От слов Ольховской Михаил Наумович ничуть не смутился, только уши у него немного порозовели. Он мило улыбнулся и тут же быстро затараторил:

— О, боже мой, пани Ольховская, о чем вы говорите! Чтобы я вас крупно надул! Как это можно! Вы посмотрите на меня, — он постучал кончиками пальцев себя по груди, — на мое рабочее место, на… весь этот кабинет. И ваши глаза вам все подскажут, ничего не соврут.

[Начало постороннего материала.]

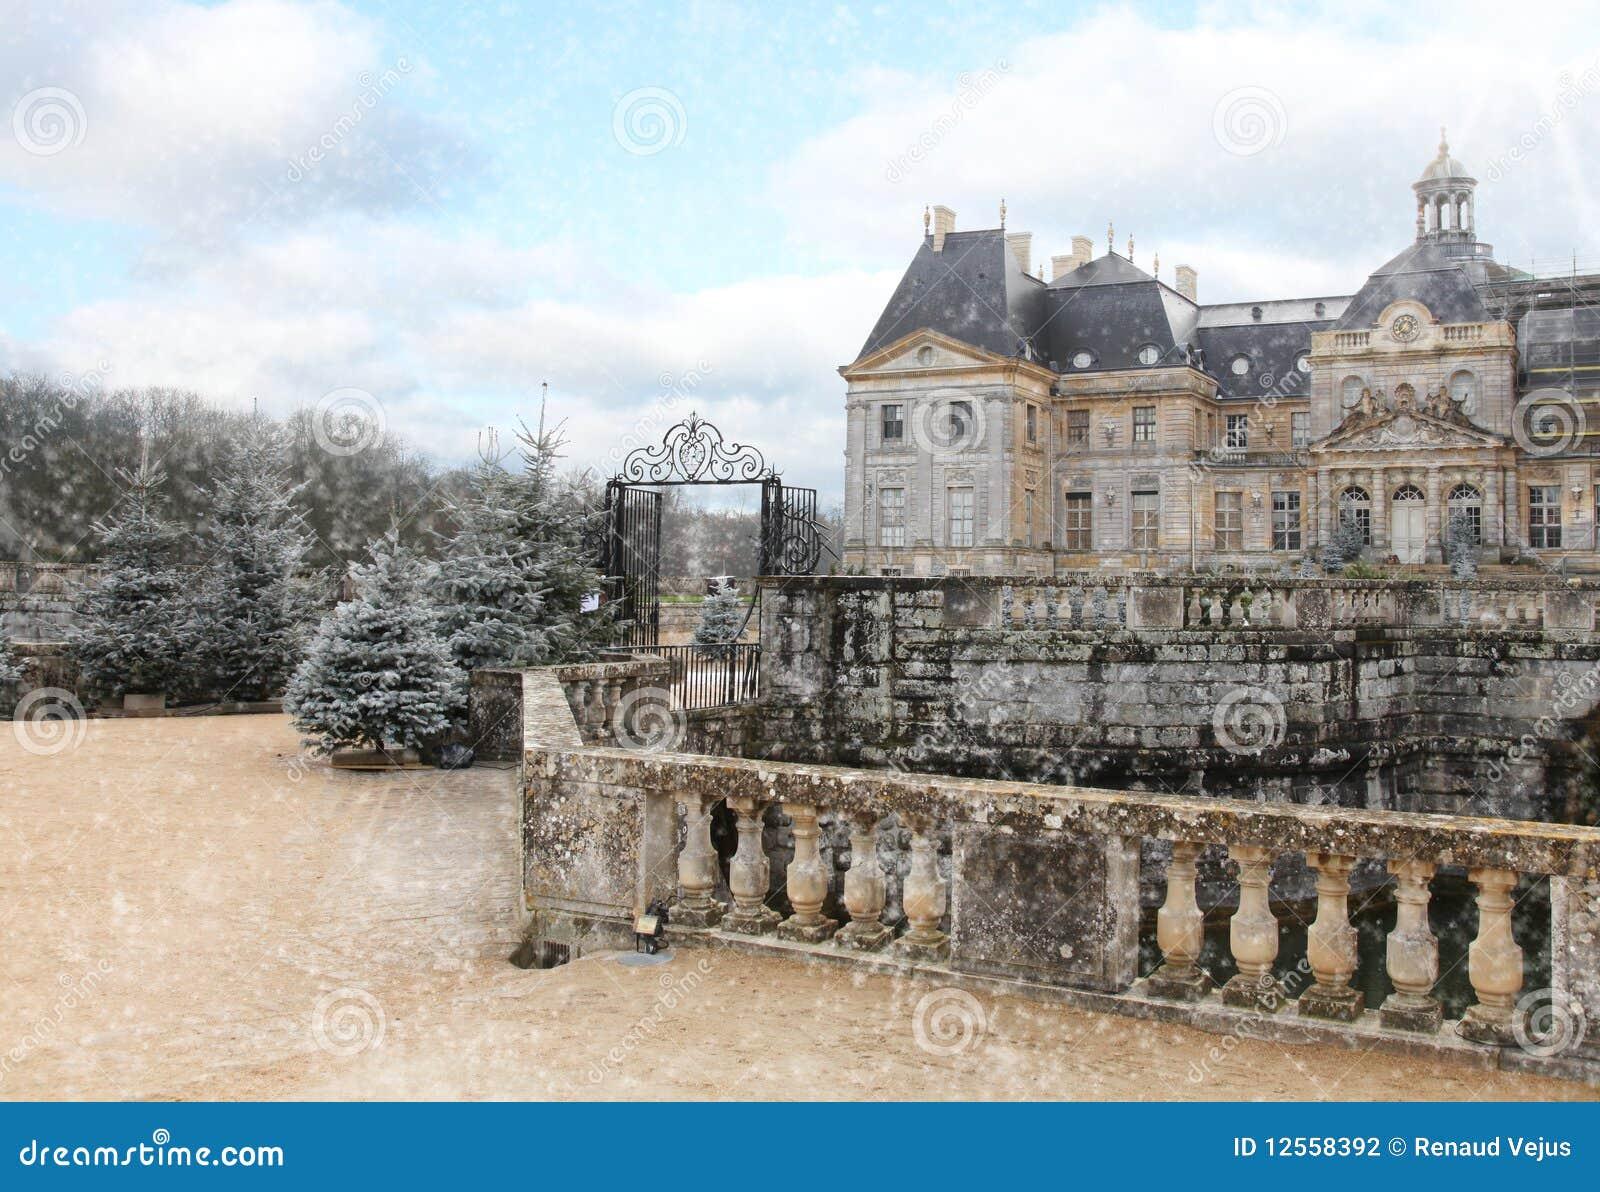 Castillo vaux le vicomte en invierno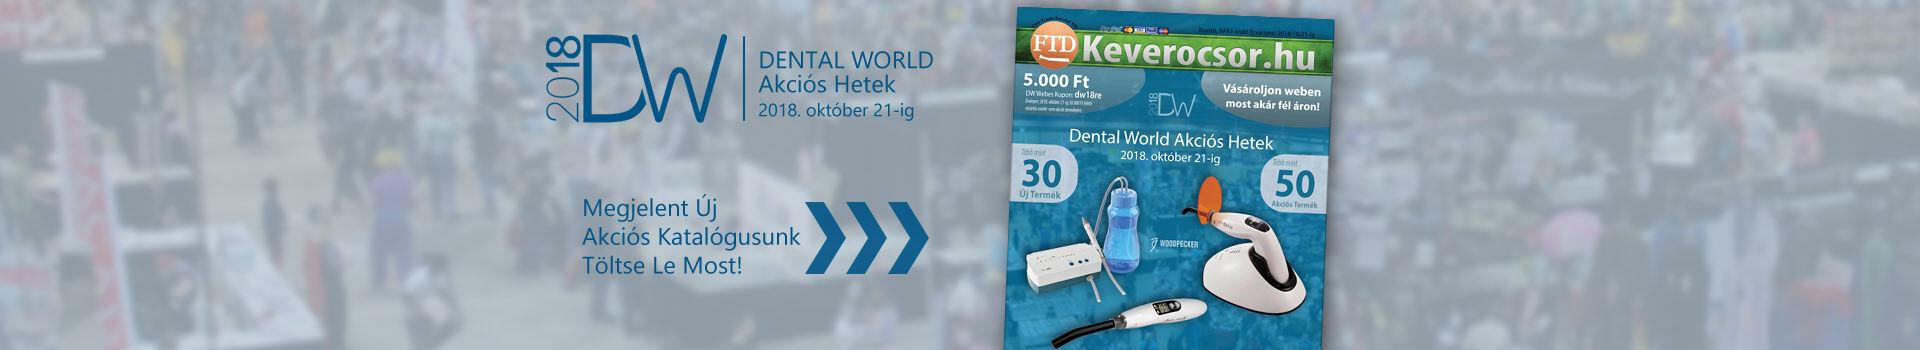 Dental World Akciós Hetek

Если бы я, как вы выразились, крупно надувал своих клиентов, я бы, наверное, имел возможность носить совсем другой костюм и сорочку и не сидел бы за этим, как вы видите, почтенным по возрасту письменным столом. А мою шикарную машину уж точно бы замечали даже все воробьи из этой округи. Пани Ольховская, — хозяин кабинета сделал категоричный жест рукой, — это просто невозможно, я вас уверяю. В нашей работе, конечно же, не без ошибок, как и во всякой другой, но чтобы надуть клиента, — он сделал испуганными глаза, — это… просто несерьезно! Я вижу, что вы пришли к нам с приличной вещью. Возможно, в первый раз в ее оценке со слов своего эксперта, — сделал ударение он на последнем слове, — я немного и промахнулся, но думаю, что семьдесят пять тысяч, — он интимно понизил голос, — вас вполне устроят. Я правильно сказал, пани Ольховская? — Равиковский весь подался вперед и почти с любовью посмотрел на старуху.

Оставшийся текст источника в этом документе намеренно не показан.